If it's not under warranty, yes, you'll be shelling money out. That sad thing is that it's likely to be lots of money, but still less than a new lens. (I'm getting my 10-22 repaired after dropping it with the camera body attached and it cracking like an egg; $600 repair, but the lens costs $1000 new, so...eh.) You pay through the nose for lenses that are constructed so well that this stuff doesn't happen. Sigma needs to keep costs down to compete.


----------



## icassell (Nov 1, 2009)

2 1/2 months old?  It should be under warranty still.  I have heard (although, fortunately, I have no direct experience) that Sigma Warranty Service is quite good.


----------



## Overread (Nov 1, 2009)

Basic product warrenty is 1 year (infact in europe I think basic is now 2 years though many places don't announce this recent change) and sigma give a basic 3 year warrenty on thier EX range of lenses.
So you well within you warrenty period for this lens - so use it. Get in contact with the shop you bought the lens from and go from there - or contact sigma direct. The most you might end up paying is package and postage - nothing more.


----------



## STMel03 (Nov 1, 2009)

I hope that's all I'd have to pay for...But I'm preparing myself for the worst.. Somehow I'm sure they will label it as misuse or something. I read the entire warranty card and it's not to clear. So I'm hoping for the best. One thing is for sure I'm never storing that lens attached to the camera again!


----------



## PatrickHMS (Nov 1, 2009)

You SHOULD be covered under warranty if you have all your proof, you may just be worried for nothing.

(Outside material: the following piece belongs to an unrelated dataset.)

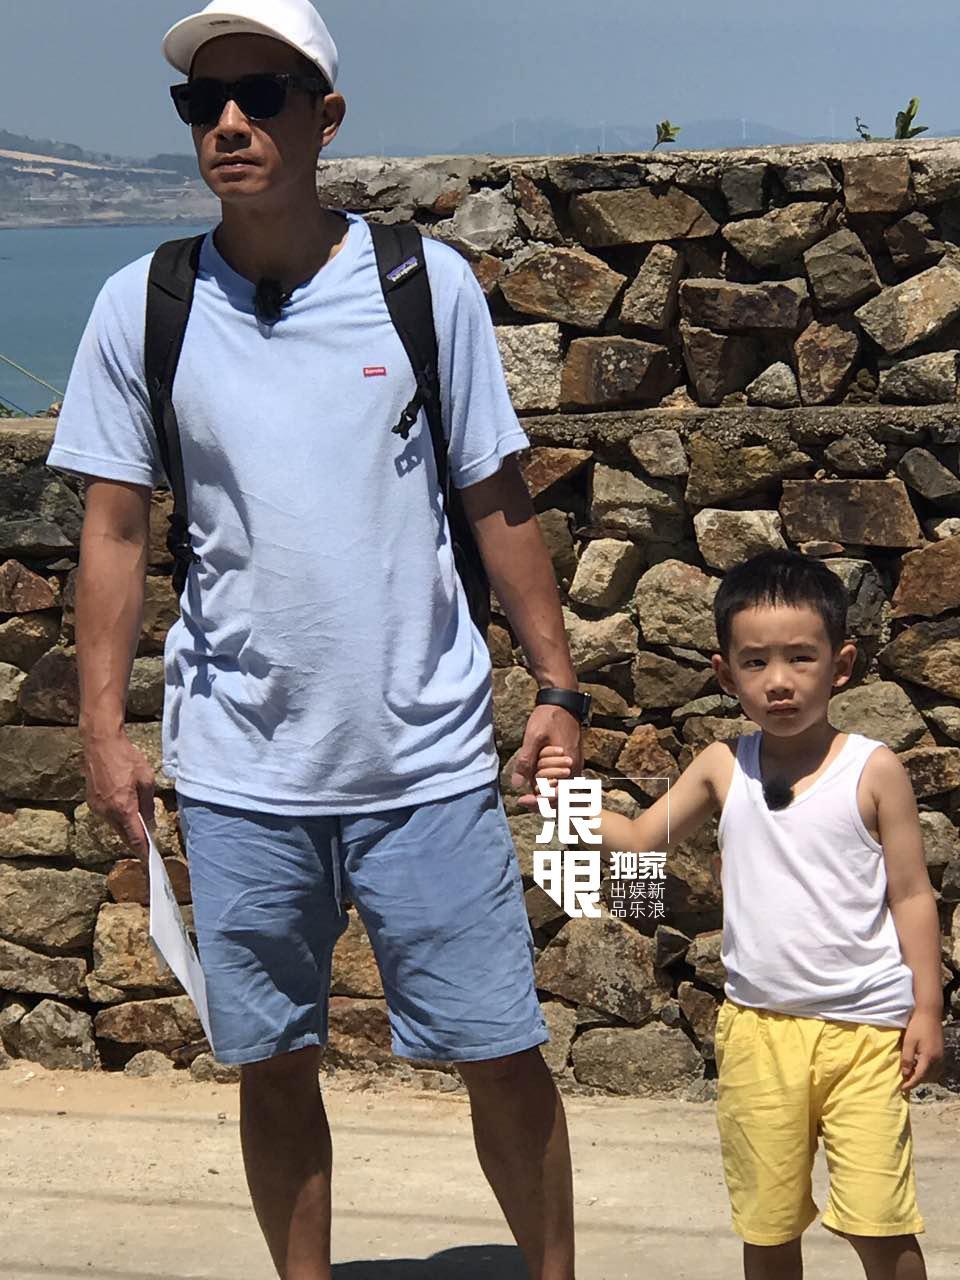 'Vi Tiểu Bảo' Trần Tiểu Xuân lần đầu xuất hiện cùng con trai hot nhất weibo hôm nay-1

Where did you buy it from, local by any chance?

Sometimes the retailer can get the mfg (or an area rep) to do something that the mfg would turn a customer down flat on if we were to ask the mfg for the same thing.

Just a thought.


----------



## STMel03 (Nov 1, 2009)

it was bought from Adorama... I only have one local shop and they don't carry much...


----------



## KmH (Nov 2, 2009)

So, was the lens mounted on the camera and the camera was at the top of the backpack, with the lens hanging down into the backpack? With no support at the objective end?


----------



## Derrel (Nov 2, 2009)

This is a good example of how they earned the nickname SIGnifcantMAlfuction.


----------



## JamesMason (Nov 2, 2009)

KmH said:


> So, was the lens mounted on the camera and the camera was at the top of the backpack, with the lens hanging down into the backpack? With no support at the objective end?



With it having a collar you would think the mount would be able to support fair weight tho. Sure its maybe a little silly to pack it like that, but for $700 (ish, i think) you would think that sigma could make it to take its own weight.


----------



## STMel03 (Nov 2, 2009)

KmH said:


> So, was the lens mounted on the camera and the camera was at the top of the backpack, with the lens hanging down into the backpack? With no support at the objective end?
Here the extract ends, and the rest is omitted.